Mi spinge via dolcemente e mi trascina in bagno. E’ il
momento di svestirci, il più difficile, quello quando dentro
di noi speriamo di non deludere troppo le aspettattive del
nostro occasionale partner.
Sfilo la camicia e per un attimo considero perplesso le mie
rotondità, ma inevitabilmente le sue, con giusto merito,
finiscono per attrarre il mio sguardo.
Lei è bella - dio che bella che è - mentre piano si toglie
via tutto e mi guarda con un piglio maturo, deciso, di chi
sa cosa vuole e cosa è disposto a dare in cambio: è fresca,
consapevole, invitante.
Finalmente anch’io, ormai quasi ipnotizzato da tutte quelle
forme curvilinee e tutte al posto giusto, riesco a sfilare i
boxer senza inciamparci e ci avvinghiamo l’uno all’altra: il
contatto della pelle contro la pelle è dolce ed è un brivido
che parte dal cervello e finisce in ogni più piccola cellula
della nostra epidermide. Cerco il calore di un contatto più
intimo e lei sembra per un momento cedere al mio invito, ma
nuovamente mi spinge via, maliziosa adesso, e con la mano
rimastale libera apre lo scroscio della doccia e mi dice:
- Roccooo!…Oh Rocco!?…Rocco dai alzati chè sono le sette e
mezza!…Roccooo!!
Mi sveglio incredulo: è mia madre che mi dà il buongiorno!
Non posso fare a meno, malgrado la gentilezza del caffè
fumante sul comodino, di guardarla con disappunto.
- É inutile che mi guardi così – sbotta – lo sai che alle
nove devi essere ad Haberfield in ufficio!
Mi esorta a bere il caffè finchè è caldo e si allontana
brontolando sull’ingratitudine dei figli. Penso un attimo ad
Haberfield, la Little Italy di Sydney, dove lavoro, ma è
solo un attimo infatti: seguo il suo consiglio e ingollo il
liquido caldo ed aromatico dopodichè decido che oggi mi farò
un sickies, un giorno di malattia. Mi volto dal lato
opposto facendo attenzione a non scoprirmi ed assaporando il
morbido e tiepido abbraccio del piumone e l’eccitazione
dovuta al sogno di prima, e lascio che le mie palpebre
ridiventino pesanti e si chiudano nuovamente.
7d
Stiamo uscendo, avvinghiati, dal bagno. Avanziamo ad
intervalli verso il soggiorno: un bacio ed un passo, un
passaggio delle dita a risvegliare tutti i chakra, ed
un’altro passo. La deliziosa sensazione di abbandono che ci
viene dal poter finalmente assaporare l’intimità promessaci
ci aiuta a superare gli innati pudori di due amanti alle
prese con una “verde milonga”....no quella è un’altra
storia...ma si insomma la prima volta è sempre un pò un
rebus al quale ci accostiamo un tantino intimiditi ma
comunque impazienti di trovarne la soluzione.

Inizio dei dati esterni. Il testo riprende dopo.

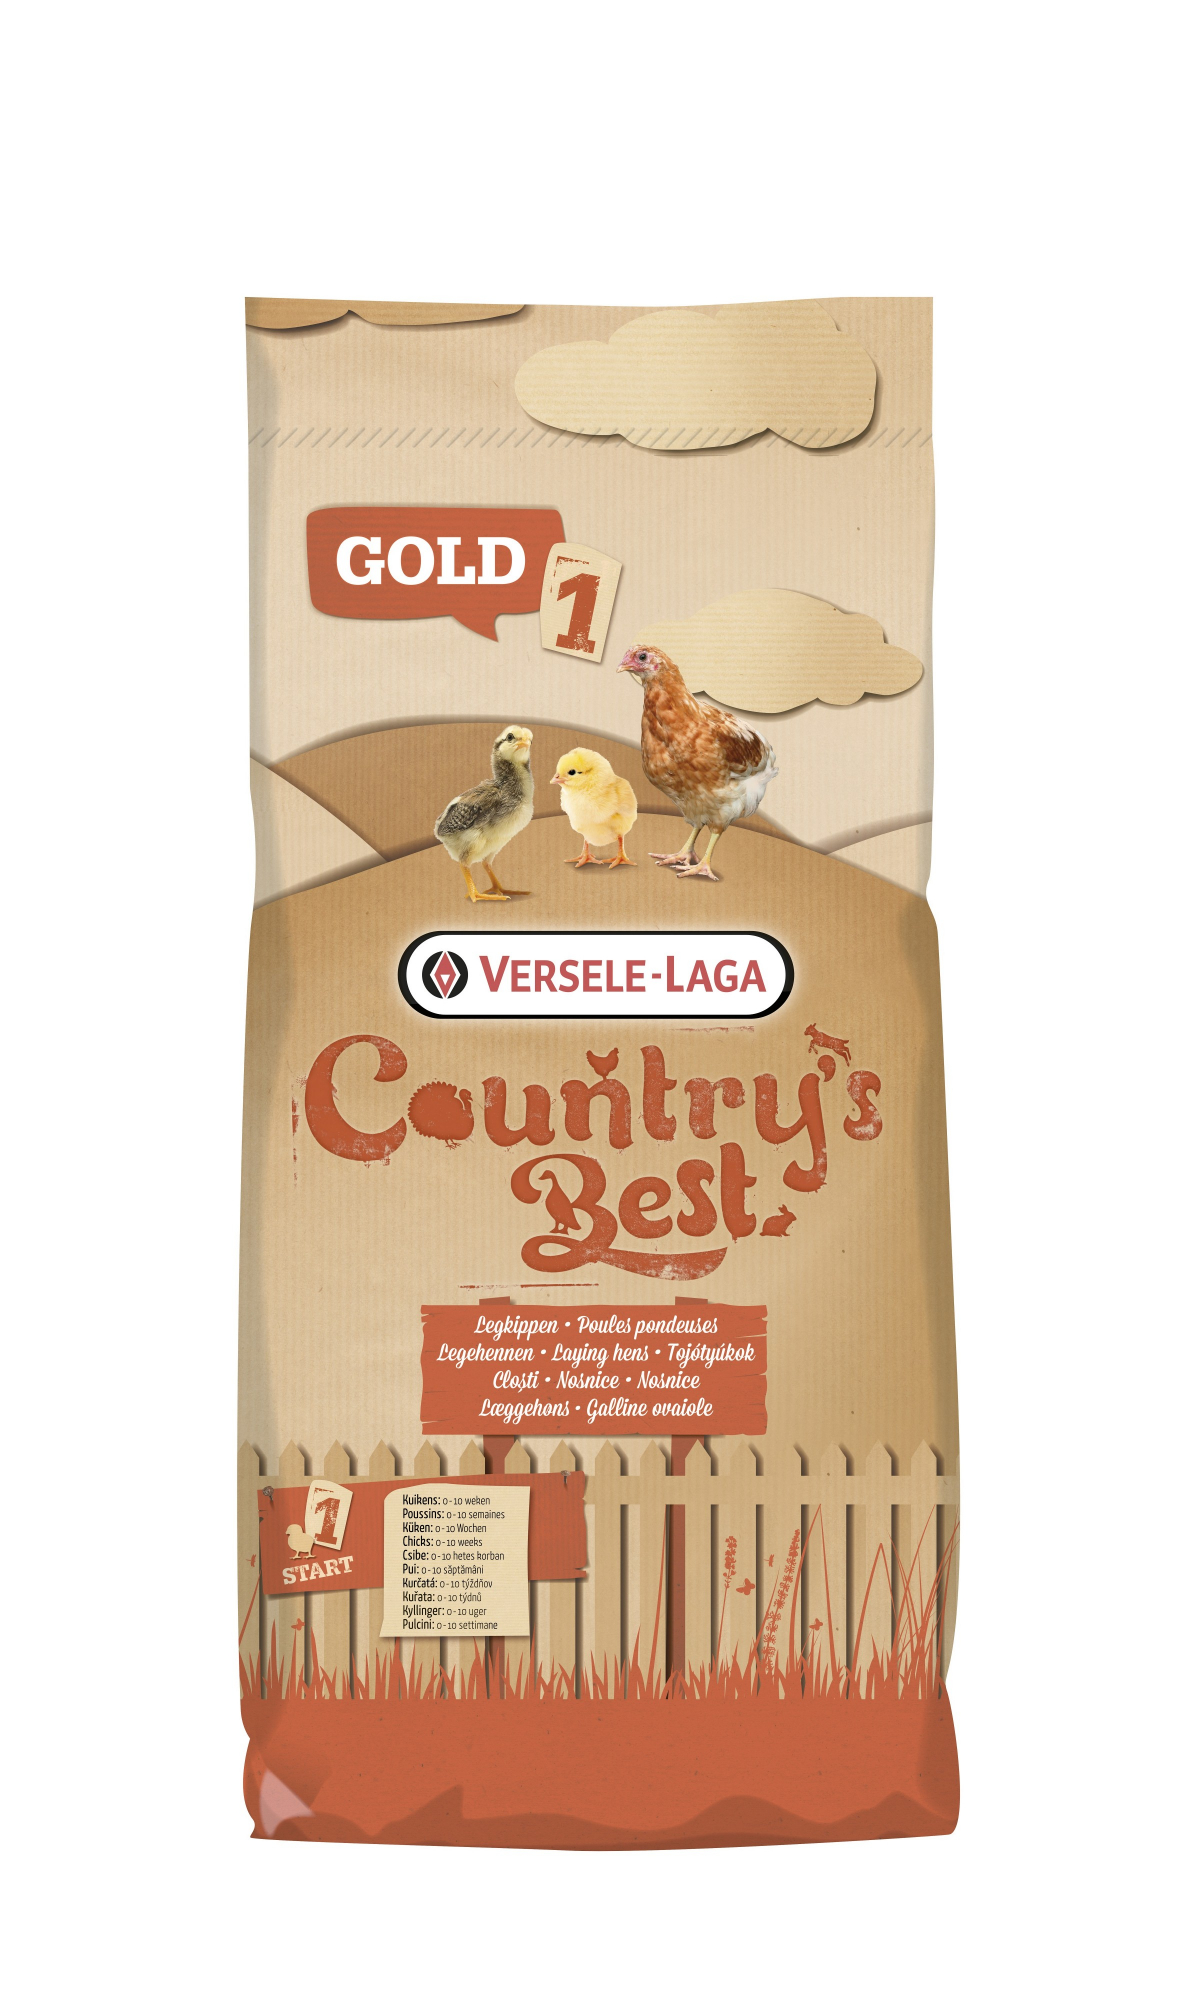 Gold 1 Crumble Country's Best Alimento de inicio gallinas

Un’intrigante indovinello che ormai guida le nostre mani, le
nostre bocche, i nostri ventri che sembrano trovare pace in
un’ulteriore e più intima carezza e che invece si ritrovano
immancabilmente ancora insoddisfatti, ancora voraci in una
caccia al tesoro che sembra azzerare il nostro tempo e
invece non ci ruba che qualche minuto.
Dopo qualche minuto infatti, e un campionario di ardite
domande poste ai nostri sensi ed a cui i nostri sensi hanno
dato altrettanto ardite risposte, la risollevo delicatamente
interrompendo il suo inaspettato ma gradito omaggio, per
varcare finalmente la tenda di velluto e potermi sdraiare
sul letto, che già pregusto grande e molto comodo.
Ma non ho fatto ancora in tempo ad adagiare completamente la
mia occasionale accompagnatrice sulle coltri, quando
inaspettata e paralizzante, la luce di un’abat-jour si
accende ed illumina i nostri corpi desiderosi e leggermente
sudati e sul lato opposto del letto, con mio profondo
stupore, una donna. Una splendida creatura dalla carnagione
scura, sui quaranta, minuta, capelli corvini lunghi e lisci,
seni turgidi, il corpo affusolato fasciato da un sari di
seta che pare un inno al “vedo non vedo”: guarda Elettra con
complicità. Lei ricambia il sorriso e con la voce resa rauca
dall’eccitazione ci presenta:
- Piacere – faccio io.
- Piacere – replica lei e poi ridiamo tutti e tre per il
naturale imbarazzo che proviamo e, come no, anche per la
pruderie che ci ispira lo sviluppo che sembra doverci
riservare la situazione.
Le riserve vengono presto sciolte quando dopo un breve e
spiritoso racconto dell’accaduto che ci ha portato lì,
Elettra viene interrotta da Mafalda, che ritornando a
sedersi dopo aver messo sù della musica, inizia a
palpeggiarle il seno e le chiede con finta disapprovazione:
- Cosa gli stavi facendo dietro la tenda?
La maliziosa domanda ci aiuta a rompere gli indugi: la
classica goccia che fa traboccare il vaso.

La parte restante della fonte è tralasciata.